The results found here are consistent with the preponderance of evidence from other studies on the cross-cultural validity of GMA. Apart from the obvious example of language bias, there is little or no evidence of population-specific cultural effects. For example, Sternberg et al. (2001) found that GMA in 12- to 15-year-old Kenyans predicted school grades at about the same level as they do in the West with a mean r = 0.40 (p < 0.001). Rushton et al. (2004) found that GMA predicted university performance equally well in African and non-African engineering students in South Africa (r ~ 0.30; p < 0.05). Salgado et al. (2003) demonstrated the international generalizability of GMA across 10 member countries of the European Community (EC), thus contradicting the view that criterion-related validity is moderated by differences in a nation’s culture, religion, language, socioeconomic level or employment legislation. He found that scores predicted job performance ratings at r = 0.62 and training success at r = 0.54.
Twin designs are an underused resource in the human sciences (Segal 2000; Bouchard & McGue 2003). The present study demonstrates their usefulness in showing that a similar transaction of genetic and non-genetic influence applies across a wide range of population groups growing up in diverse cultures. There appears to be a set of human psychological adaptations underlying the cognitive problem solving required for the type of GMA test used here, with individual and group differences comprising normal variants.

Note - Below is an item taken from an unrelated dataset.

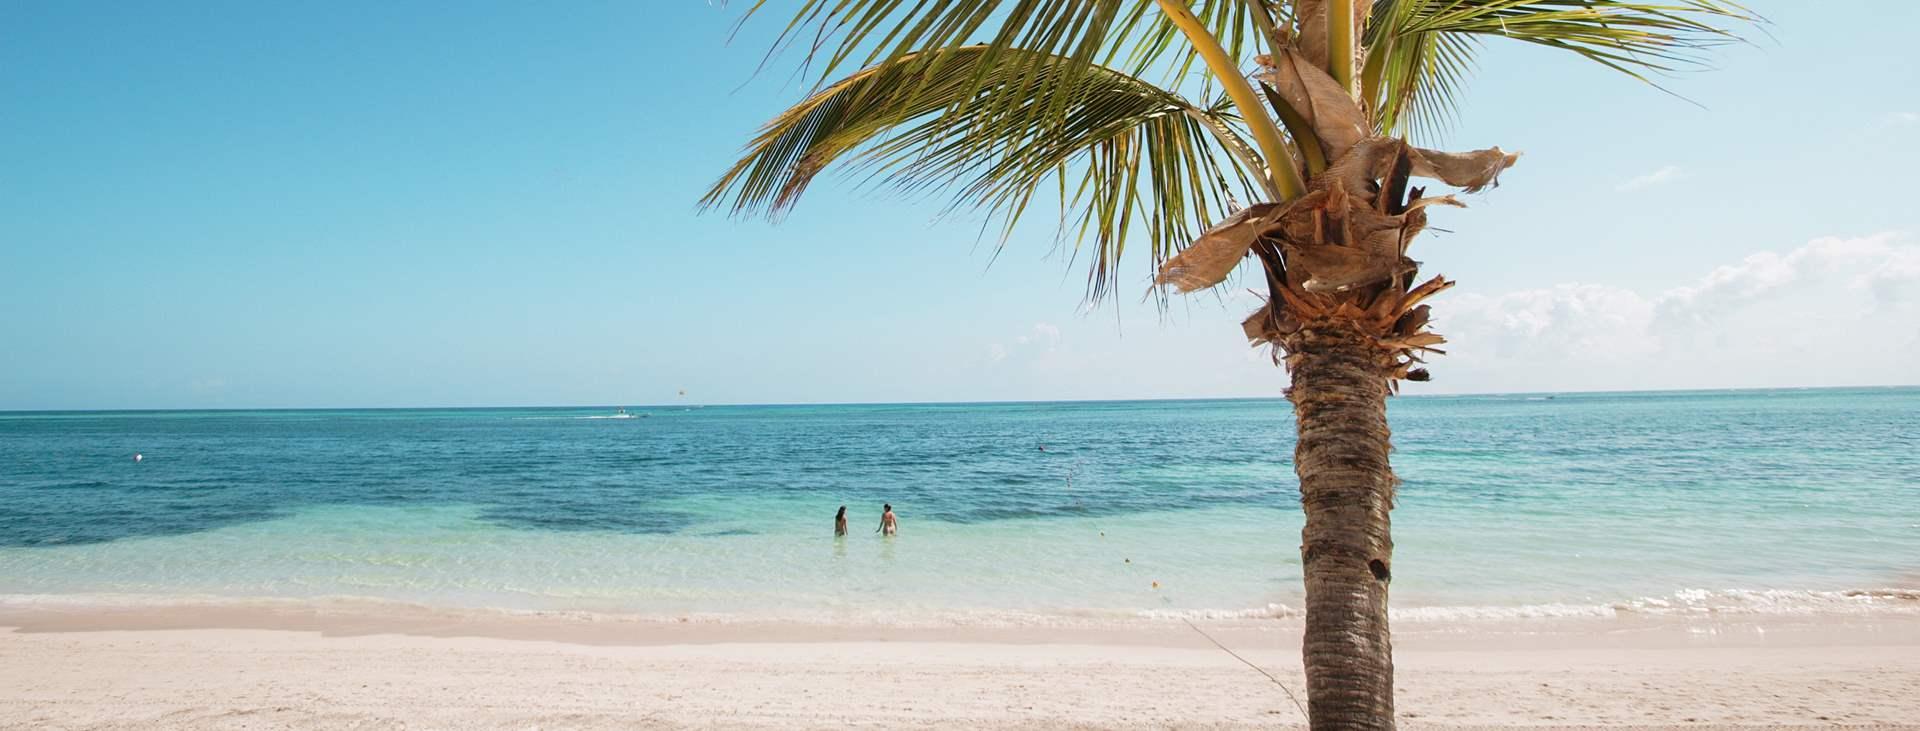 Boka en resa till Key West i Florida - upplev USA med Ving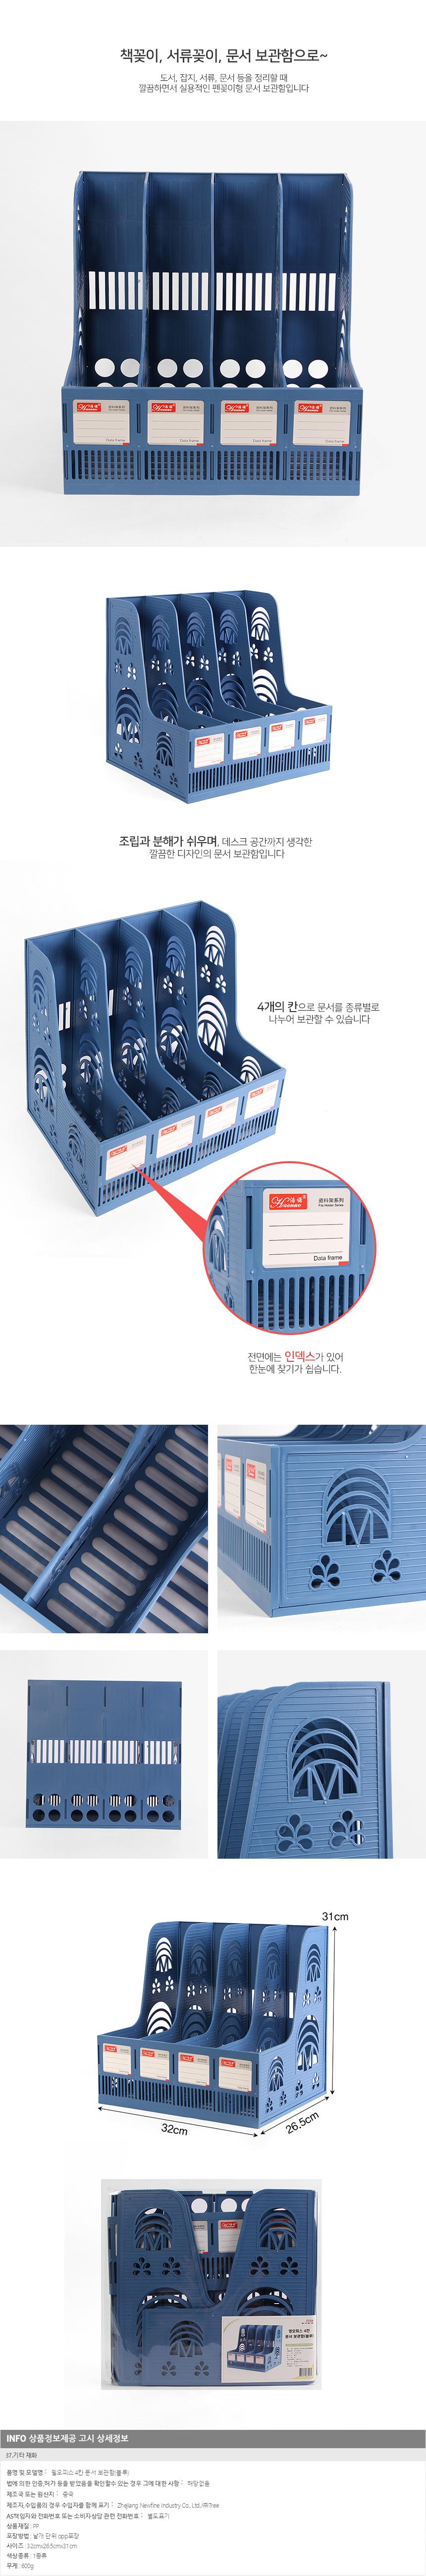 오피스 4칸 문서보관함(블루)/서류정리함 화일박스 - 기프트갓, 5,780원, 문서/서류 정리, 파일/책꽂이

[Note : Above is a picture showing the correlations between g-loadings, derived from Twin and Roma item-total score correlation, with heritability, shared environmentality, and non-shared environmentality. Unfortunately, Rushton never reported these numbers in his text, so I downloaded the supplemental data (available here) and correlated the aforementioned variables by copy pasting the numbers into an SPSS spreadsheet (available at request). I displayed the Spearman correlations because they are known to be more robust to outliers, as there were positive correlations between g and c² in Pearson but not using Spearman. The lack of relationship between shared environmentality and g-loadings along with the non-trivial relationship between g-loadings and heritability gives some support for the genetic g hypothesis, although g and e² remain correlated (using partial correlations to control for reliability, or test-retest r, leaves these results unaffected). This was more or less consistent with my previous analysis of Jensen effect on the Wechsler's scale (except I wasn't able to demonstrate a g-e² correlation). The question of 'strong inferences' is another matter, however. Finally, Rushton's analysis has been criticized by Wicherts & Johnson, 2009, but Rushton & Jensen, 2010, replied in turn.]